* Problem details
Look below for the line holding "Stuckens uit Diest" and the line holding "Visual identity, napkins". Transcribe exactly those lines and all lines between them, nothing more.

(Records from a collection)
=====
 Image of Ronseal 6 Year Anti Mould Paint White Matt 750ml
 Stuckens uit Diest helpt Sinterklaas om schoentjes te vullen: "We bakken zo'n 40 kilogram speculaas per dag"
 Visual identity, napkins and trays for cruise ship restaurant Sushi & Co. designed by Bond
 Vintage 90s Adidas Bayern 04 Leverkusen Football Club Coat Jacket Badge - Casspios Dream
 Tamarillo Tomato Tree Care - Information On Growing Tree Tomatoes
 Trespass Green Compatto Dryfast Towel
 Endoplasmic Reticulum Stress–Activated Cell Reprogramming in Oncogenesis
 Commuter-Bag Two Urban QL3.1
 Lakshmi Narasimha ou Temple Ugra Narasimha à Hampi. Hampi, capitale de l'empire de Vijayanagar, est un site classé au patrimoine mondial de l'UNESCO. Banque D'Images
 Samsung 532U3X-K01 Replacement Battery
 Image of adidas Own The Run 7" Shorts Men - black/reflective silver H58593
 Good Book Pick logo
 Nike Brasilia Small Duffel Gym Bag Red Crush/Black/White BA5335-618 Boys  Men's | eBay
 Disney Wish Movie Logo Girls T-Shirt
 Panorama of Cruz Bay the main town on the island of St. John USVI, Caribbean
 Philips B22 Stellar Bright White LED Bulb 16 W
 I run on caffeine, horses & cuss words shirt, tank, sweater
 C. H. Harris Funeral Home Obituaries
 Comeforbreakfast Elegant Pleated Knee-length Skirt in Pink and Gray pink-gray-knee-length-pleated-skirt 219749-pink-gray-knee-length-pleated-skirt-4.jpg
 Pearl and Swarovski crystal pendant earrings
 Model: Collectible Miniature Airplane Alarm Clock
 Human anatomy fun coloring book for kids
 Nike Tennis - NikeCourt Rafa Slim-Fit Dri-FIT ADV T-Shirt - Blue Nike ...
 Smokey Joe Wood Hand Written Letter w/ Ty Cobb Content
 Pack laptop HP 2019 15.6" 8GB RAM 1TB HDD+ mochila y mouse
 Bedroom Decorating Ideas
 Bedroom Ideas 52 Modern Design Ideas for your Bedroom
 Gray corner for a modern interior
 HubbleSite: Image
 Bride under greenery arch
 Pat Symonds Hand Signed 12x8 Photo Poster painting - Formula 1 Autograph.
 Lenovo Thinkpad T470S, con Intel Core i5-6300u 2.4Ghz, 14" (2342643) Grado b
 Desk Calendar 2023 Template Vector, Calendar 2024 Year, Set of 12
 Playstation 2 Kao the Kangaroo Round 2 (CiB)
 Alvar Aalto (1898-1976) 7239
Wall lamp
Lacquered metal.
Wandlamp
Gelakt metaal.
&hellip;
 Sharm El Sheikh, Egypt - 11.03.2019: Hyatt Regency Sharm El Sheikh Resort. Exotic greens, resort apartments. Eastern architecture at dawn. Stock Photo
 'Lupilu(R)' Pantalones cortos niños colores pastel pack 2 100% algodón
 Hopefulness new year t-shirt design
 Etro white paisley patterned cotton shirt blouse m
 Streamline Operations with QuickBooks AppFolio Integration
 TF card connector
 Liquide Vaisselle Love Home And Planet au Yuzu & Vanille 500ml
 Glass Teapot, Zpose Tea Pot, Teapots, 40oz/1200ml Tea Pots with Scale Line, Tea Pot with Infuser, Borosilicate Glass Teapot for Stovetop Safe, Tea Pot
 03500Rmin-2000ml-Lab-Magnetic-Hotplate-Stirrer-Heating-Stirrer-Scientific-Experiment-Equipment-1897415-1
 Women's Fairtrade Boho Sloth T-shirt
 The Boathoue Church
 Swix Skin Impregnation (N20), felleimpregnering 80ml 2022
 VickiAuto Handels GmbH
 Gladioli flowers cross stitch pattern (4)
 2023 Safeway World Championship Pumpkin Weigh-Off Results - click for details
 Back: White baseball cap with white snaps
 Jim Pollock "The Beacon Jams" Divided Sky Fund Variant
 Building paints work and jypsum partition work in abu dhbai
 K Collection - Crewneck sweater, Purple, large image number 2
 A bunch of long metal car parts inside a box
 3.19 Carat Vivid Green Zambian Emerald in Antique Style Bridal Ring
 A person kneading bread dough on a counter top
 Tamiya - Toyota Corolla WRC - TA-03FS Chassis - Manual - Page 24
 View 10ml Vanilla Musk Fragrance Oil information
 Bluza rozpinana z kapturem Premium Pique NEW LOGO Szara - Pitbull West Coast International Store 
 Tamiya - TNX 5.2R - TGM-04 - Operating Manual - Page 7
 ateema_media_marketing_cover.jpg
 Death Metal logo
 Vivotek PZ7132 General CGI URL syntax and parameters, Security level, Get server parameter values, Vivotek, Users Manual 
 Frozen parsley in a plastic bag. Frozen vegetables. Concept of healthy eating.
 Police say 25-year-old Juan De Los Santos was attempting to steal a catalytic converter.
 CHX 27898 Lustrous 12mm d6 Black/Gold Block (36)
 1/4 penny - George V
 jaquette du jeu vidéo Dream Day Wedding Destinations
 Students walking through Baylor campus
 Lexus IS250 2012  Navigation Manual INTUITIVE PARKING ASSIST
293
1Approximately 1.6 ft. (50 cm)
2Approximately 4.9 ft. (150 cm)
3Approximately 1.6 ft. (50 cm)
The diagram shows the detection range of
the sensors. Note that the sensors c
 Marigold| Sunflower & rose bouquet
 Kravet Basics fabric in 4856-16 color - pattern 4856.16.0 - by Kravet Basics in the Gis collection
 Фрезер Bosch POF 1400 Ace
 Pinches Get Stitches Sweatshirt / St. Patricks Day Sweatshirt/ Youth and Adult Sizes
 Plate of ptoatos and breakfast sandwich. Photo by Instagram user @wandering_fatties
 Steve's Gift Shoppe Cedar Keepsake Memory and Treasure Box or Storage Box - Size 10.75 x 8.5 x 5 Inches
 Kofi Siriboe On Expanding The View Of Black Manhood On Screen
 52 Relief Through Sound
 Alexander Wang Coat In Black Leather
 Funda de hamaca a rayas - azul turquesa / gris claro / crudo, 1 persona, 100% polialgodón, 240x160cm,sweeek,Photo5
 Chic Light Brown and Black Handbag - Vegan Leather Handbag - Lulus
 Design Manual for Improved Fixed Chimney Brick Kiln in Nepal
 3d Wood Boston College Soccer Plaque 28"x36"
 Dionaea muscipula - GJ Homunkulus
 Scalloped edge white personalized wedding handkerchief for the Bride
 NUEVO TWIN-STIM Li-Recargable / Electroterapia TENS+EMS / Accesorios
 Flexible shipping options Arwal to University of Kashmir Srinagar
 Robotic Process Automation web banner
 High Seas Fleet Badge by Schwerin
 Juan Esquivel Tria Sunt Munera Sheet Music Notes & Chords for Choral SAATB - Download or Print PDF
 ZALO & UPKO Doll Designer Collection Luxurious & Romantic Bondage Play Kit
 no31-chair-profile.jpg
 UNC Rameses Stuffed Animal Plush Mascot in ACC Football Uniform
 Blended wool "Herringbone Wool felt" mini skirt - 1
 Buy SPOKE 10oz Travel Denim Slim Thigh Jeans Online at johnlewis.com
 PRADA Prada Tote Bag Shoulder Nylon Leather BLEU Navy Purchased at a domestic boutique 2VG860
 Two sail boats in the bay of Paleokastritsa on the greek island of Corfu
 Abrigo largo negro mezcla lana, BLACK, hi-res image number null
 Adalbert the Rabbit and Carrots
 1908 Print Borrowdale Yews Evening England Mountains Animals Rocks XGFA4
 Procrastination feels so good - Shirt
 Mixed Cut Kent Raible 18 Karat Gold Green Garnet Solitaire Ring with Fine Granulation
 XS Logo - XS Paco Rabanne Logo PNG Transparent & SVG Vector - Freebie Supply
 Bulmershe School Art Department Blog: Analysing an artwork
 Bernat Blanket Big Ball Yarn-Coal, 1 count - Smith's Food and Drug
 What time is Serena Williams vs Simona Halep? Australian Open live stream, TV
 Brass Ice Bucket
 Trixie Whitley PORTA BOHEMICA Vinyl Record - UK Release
=====
* Task solution
 Stuckens uit Diest helpt Sinterklaas om schoentjes te vullen: "We bakken zo'n 40 kilogram speculaas per dag"
 Visual identity, napkins and trays for cruise ship restaurant Sushi & Co. designed by Bond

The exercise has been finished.